**Action item**
Could you set down exactly the lines in the records below between the line holding "Boscombe Cliff and Overcliff" and the line holding "Microwave - In The Box!", inclusive?

**Collected data**
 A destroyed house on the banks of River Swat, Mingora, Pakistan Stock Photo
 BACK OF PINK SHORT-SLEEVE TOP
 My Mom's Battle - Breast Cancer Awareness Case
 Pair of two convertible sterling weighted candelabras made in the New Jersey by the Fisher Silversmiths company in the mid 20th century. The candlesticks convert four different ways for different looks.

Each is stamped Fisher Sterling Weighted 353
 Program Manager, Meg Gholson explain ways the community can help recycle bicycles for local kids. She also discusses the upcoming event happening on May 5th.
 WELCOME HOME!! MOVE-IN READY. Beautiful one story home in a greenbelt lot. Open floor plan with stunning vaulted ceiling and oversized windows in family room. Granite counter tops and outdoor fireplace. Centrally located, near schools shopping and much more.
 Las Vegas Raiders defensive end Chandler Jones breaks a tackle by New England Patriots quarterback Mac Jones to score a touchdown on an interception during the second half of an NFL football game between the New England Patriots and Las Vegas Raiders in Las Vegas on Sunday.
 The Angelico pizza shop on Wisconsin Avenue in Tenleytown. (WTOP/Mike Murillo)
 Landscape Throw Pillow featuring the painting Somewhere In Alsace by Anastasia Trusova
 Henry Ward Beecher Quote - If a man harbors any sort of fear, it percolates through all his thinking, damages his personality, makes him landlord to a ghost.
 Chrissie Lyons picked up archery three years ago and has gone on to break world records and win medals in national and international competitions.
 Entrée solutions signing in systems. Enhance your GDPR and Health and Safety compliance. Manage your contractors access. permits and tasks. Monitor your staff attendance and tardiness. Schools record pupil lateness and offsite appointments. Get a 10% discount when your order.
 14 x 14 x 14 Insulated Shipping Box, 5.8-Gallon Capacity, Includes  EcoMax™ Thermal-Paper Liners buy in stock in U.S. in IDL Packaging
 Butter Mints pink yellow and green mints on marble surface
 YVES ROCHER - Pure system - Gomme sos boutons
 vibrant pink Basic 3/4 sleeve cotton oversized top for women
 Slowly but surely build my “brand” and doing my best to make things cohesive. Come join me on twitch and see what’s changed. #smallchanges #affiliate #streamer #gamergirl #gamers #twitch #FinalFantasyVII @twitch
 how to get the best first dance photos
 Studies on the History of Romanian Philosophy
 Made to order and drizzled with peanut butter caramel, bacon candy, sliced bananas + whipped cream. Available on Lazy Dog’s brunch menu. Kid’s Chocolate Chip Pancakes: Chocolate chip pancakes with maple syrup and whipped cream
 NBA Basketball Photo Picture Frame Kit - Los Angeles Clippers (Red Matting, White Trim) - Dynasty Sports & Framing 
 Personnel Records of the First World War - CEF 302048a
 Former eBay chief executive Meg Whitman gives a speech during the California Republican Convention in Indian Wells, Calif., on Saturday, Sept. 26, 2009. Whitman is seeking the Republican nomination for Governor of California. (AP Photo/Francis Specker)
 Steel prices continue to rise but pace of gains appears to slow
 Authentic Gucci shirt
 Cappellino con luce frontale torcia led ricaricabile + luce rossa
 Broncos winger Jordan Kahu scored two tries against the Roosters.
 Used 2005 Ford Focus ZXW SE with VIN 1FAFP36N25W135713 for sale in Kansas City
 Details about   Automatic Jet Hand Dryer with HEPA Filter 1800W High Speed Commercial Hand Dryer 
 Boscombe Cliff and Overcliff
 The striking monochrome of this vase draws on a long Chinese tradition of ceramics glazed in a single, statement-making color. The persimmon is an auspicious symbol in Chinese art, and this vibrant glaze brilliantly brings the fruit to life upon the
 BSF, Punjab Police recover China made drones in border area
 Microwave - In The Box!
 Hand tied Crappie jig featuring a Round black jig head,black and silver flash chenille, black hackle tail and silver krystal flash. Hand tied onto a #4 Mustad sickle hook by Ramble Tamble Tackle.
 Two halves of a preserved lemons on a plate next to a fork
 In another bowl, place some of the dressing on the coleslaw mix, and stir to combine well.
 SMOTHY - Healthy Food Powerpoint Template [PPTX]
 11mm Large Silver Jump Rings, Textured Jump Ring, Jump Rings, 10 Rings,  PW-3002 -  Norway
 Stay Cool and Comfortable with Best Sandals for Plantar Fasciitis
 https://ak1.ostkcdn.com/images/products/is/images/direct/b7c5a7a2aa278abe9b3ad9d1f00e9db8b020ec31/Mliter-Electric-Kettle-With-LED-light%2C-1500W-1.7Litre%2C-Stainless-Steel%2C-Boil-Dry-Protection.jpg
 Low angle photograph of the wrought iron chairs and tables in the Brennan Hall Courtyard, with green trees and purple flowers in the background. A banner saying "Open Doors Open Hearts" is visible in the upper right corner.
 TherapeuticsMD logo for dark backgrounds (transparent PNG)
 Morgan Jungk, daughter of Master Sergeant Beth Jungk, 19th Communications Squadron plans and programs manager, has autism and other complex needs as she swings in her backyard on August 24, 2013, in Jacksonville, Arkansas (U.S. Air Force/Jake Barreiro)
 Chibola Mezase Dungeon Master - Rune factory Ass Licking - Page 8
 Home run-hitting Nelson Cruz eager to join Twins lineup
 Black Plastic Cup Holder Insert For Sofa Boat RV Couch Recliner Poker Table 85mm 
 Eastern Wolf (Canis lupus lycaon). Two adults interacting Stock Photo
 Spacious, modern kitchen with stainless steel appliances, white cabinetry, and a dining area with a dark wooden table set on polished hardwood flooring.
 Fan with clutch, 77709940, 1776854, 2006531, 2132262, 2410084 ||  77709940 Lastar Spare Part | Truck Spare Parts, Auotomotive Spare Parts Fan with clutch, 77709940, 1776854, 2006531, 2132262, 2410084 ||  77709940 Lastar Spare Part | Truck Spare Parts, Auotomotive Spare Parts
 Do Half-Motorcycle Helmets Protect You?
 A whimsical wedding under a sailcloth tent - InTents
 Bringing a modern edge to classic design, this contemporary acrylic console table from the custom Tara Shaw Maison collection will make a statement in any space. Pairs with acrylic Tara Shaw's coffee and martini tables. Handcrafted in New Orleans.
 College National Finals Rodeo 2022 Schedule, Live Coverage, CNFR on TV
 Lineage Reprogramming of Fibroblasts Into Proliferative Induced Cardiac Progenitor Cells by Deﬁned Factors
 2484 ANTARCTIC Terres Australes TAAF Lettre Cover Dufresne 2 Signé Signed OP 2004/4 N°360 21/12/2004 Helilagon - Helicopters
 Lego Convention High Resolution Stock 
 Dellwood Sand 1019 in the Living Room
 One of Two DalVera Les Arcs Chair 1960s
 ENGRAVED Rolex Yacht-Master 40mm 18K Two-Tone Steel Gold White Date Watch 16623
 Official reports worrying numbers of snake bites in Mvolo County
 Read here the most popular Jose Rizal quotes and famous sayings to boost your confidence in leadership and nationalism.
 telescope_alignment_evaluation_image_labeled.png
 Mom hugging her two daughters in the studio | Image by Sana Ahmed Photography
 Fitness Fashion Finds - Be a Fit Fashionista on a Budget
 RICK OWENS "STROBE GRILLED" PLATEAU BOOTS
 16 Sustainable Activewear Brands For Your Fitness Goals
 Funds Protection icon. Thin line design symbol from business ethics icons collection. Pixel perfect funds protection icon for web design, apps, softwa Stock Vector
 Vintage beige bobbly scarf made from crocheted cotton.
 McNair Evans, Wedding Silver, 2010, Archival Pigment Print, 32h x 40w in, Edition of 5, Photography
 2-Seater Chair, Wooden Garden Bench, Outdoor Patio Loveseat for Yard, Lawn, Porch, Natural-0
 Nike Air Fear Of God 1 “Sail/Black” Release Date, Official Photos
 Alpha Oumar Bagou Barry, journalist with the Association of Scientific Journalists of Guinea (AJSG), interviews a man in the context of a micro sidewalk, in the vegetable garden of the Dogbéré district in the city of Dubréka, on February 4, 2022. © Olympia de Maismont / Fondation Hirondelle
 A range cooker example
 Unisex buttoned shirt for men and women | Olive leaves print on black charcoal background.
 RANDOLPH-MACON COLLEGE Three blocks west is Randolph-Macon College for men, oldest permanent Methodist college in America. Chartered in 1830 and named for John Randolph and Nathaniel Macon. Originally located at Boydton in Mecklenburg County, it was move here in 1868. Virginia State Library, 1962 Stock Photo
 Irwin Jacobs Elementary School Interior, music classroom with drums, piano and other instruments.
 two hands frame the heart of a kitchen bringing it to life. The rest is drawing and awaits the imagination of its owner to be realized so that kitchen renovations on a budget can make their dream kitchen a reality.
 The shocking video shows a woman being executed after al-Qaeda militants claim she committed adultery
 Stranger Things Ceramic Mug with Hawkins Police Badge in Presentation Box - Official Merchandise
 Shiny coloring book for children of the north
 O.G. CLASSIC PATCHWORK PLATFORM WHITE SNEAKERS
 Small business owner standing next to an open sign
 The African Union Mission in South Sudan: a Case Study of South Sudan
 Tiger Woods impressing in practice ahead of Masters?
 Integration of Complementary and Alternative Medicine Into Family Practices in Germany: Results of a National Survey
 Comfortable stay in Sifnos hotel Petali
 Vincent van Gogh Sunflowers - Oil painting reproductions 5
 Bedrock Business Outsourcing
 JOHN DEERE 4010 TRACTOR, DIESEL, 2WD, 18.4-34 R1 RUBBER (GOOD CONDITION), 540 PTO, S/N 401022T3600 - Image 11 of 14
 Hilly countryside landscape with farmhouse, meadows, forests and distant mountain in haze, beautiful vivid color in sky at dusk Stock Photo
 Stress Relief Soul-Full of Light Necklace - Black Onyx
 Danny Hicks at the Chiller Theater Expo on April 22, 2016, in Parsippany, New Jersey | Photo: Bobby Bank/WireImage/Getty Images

**Exercise output**
 Boscombe Cliff and Overcliff
 The striking monochrome of this vase draws on a long Chinese tradition of ceramics glazed in a single, statement-making color. The persimmon is an auspicious symbol in Chinese art, and this vibrant glaze brilliantly brings the fruit to life upon the
 BSF, Punjab Police recover China made drones in border area
 Microwave - In The Box!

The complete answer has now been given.